UK house prices gained momentum last month, moving out of negative territory for the first time since lockdown began as the government’s stamp duty holiday motivated buyers.
However the bounce is not expected to last long, as government support schemes wind down in the winter.
UK house prices firm up
Across the UK in aggregate, a net balance of 12 per cent of respondents to the Royal Institution of Chartered Surveyors’ monthly survey reported an increase in house prices during July.
This was a noticeable turnaround from minus 13 per cent in June, as UK house prices rose in virtually all regions.
London was the sole exception, however, where a net balance of minus 10 per cent of respondents cited a decline. It was still significantly less negative than the minus 54 per cent reading posted in June.

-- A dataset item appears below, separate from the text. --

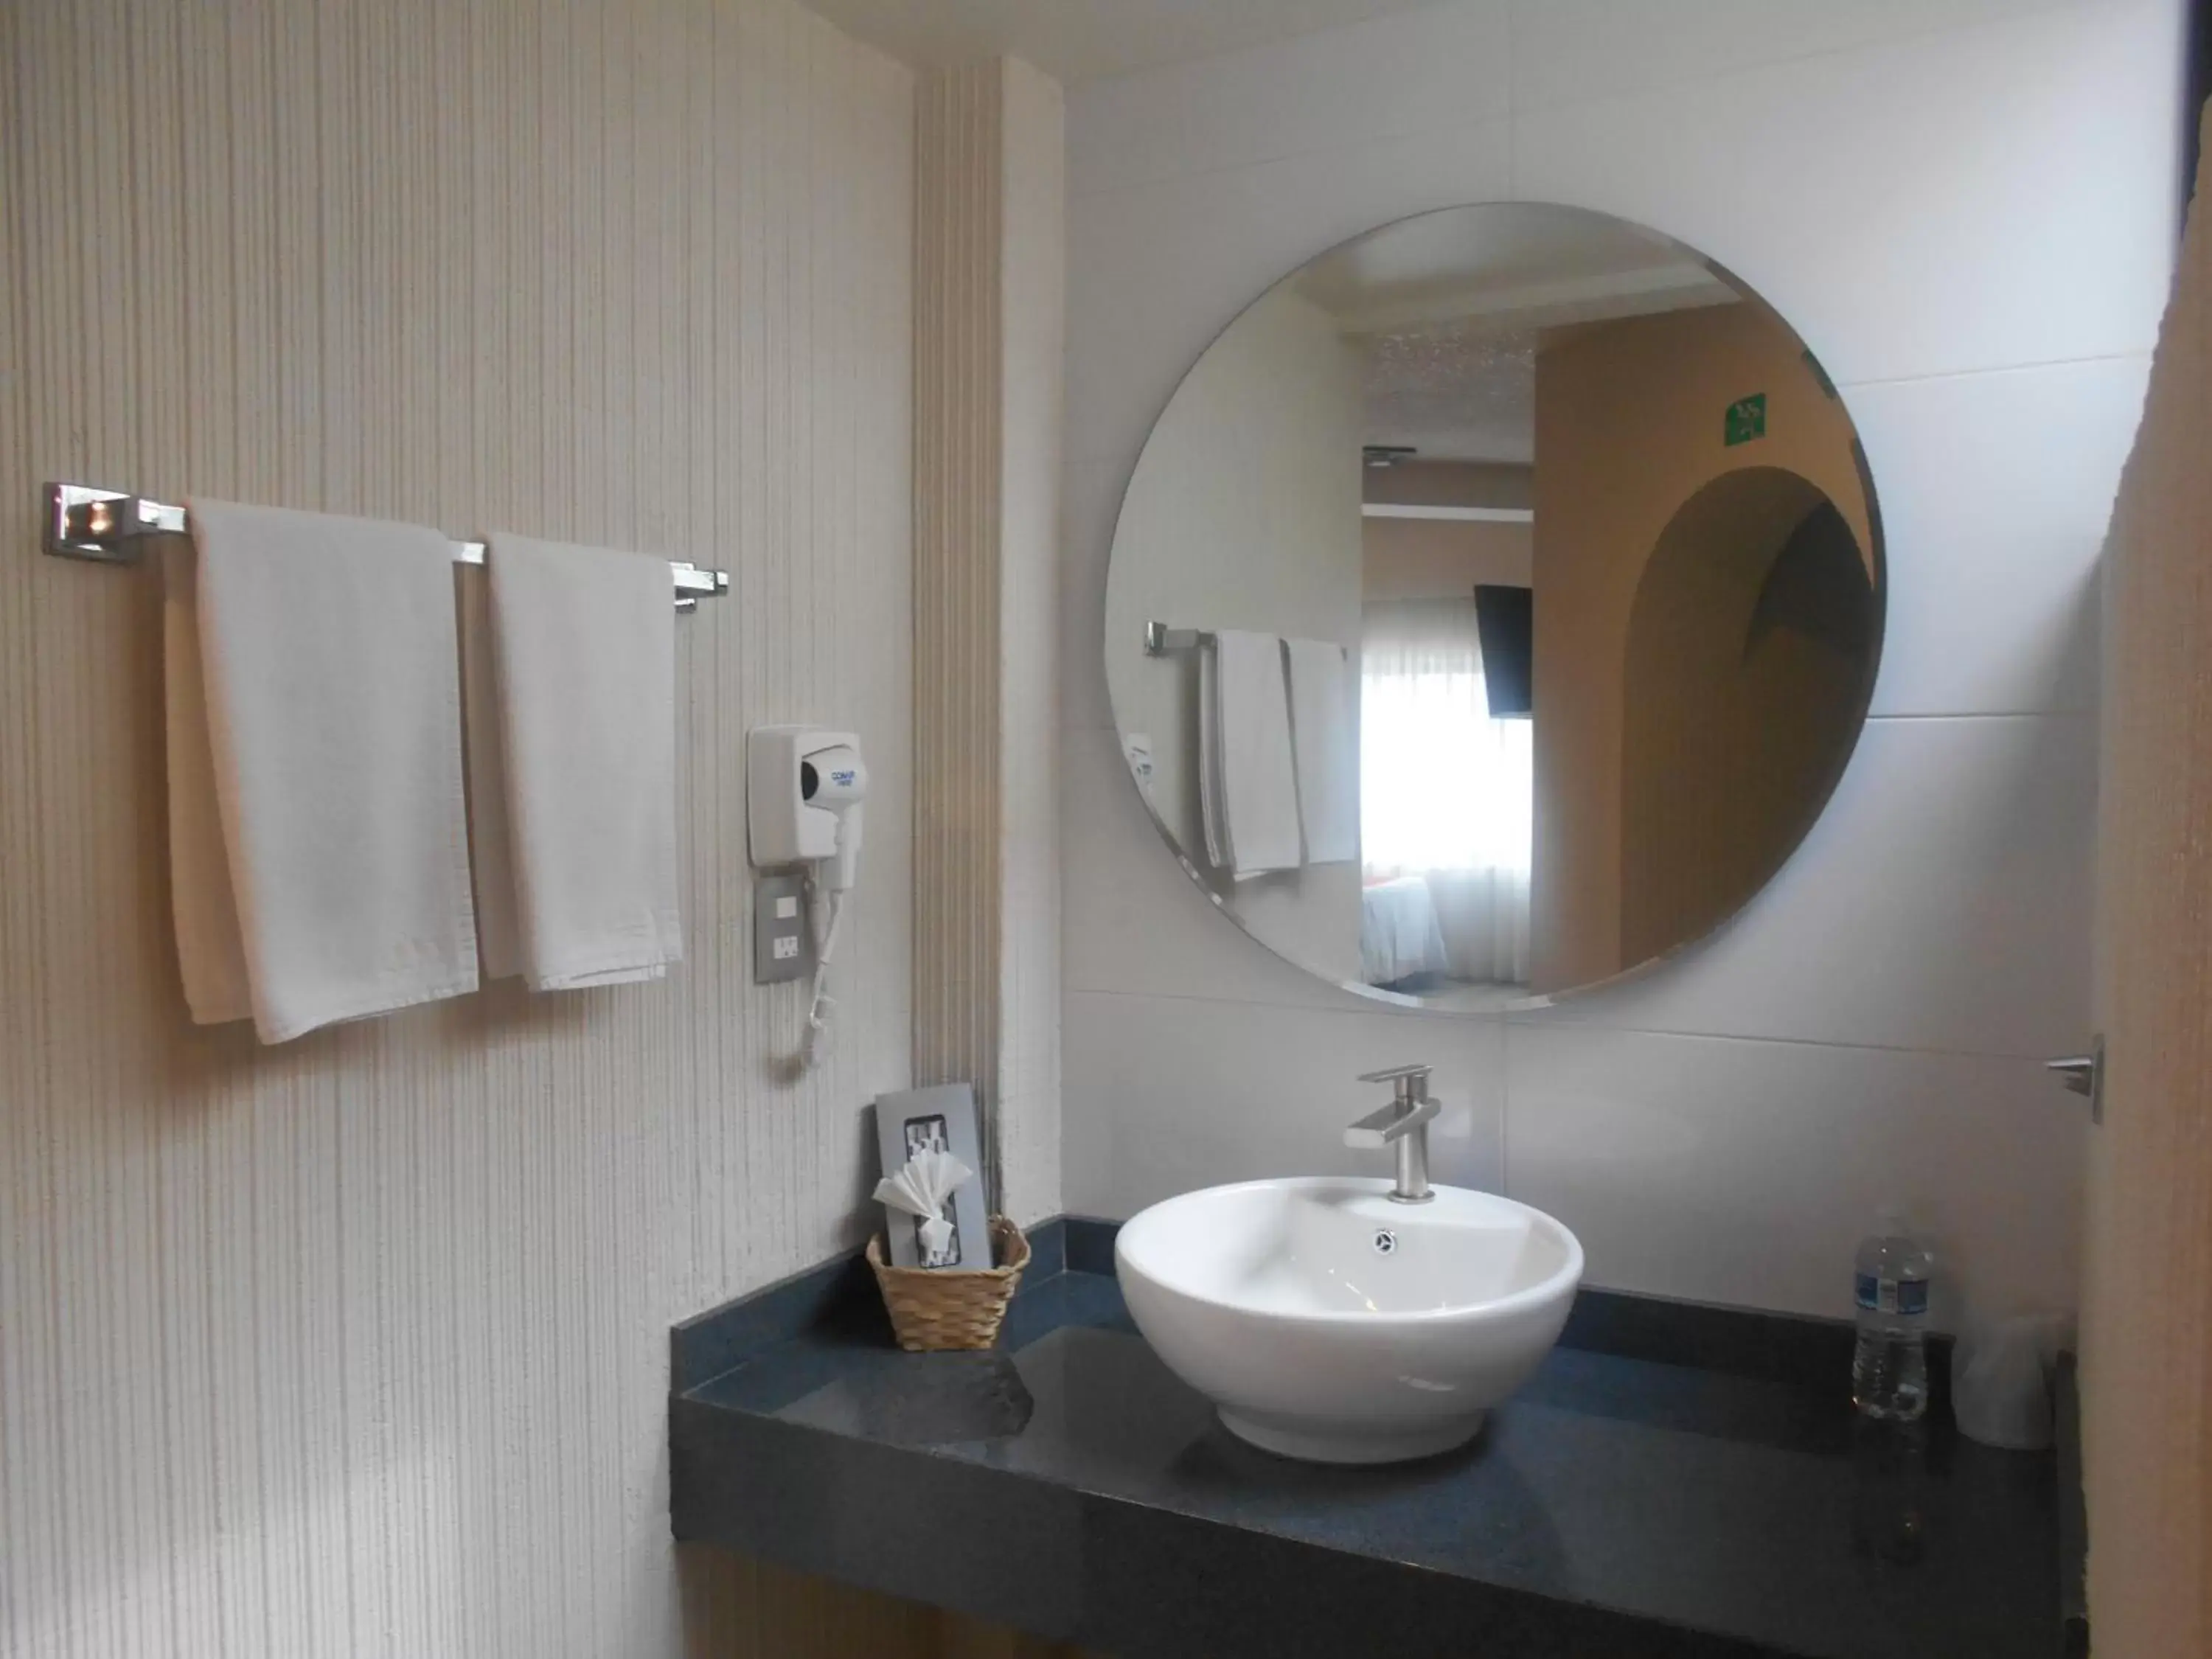 Bathroom in Hotel Puente Real

Overall a net balance of eight per cent of contributors said they expect UK house prices to increase over the next 12 months.
That makes this latest reading consistent with a flat to marginally positive outlook for house prices in the year ahead, RICS said.
Buyers and sellers
As new buyers flooded into the market, 75 per cent of survey participants noted an increase in interested buyers over the month of July, marking the second consecutive month in which demand has rebounded firmly.
Alongside this, 57 per cent of respondents nationally saw a rise in agreed sales in July across all parts of the UK.
RICS said this was indicative of a strong uptick in transaction levels, even as UK house prices strengthened, following hefty declines a few months ago.
Respondents predicted continued growth in sales over the next three months, as 26 per cent of contributors anticipated an increase.
However, further out, yearly sales projections remain negative as government support schemes which have been aiding people’s finances come to an end.
A net balance of minus 10 per cent of respondents foresee sales tailing off over the year ahead, with concerns about the prospects for the UK economy.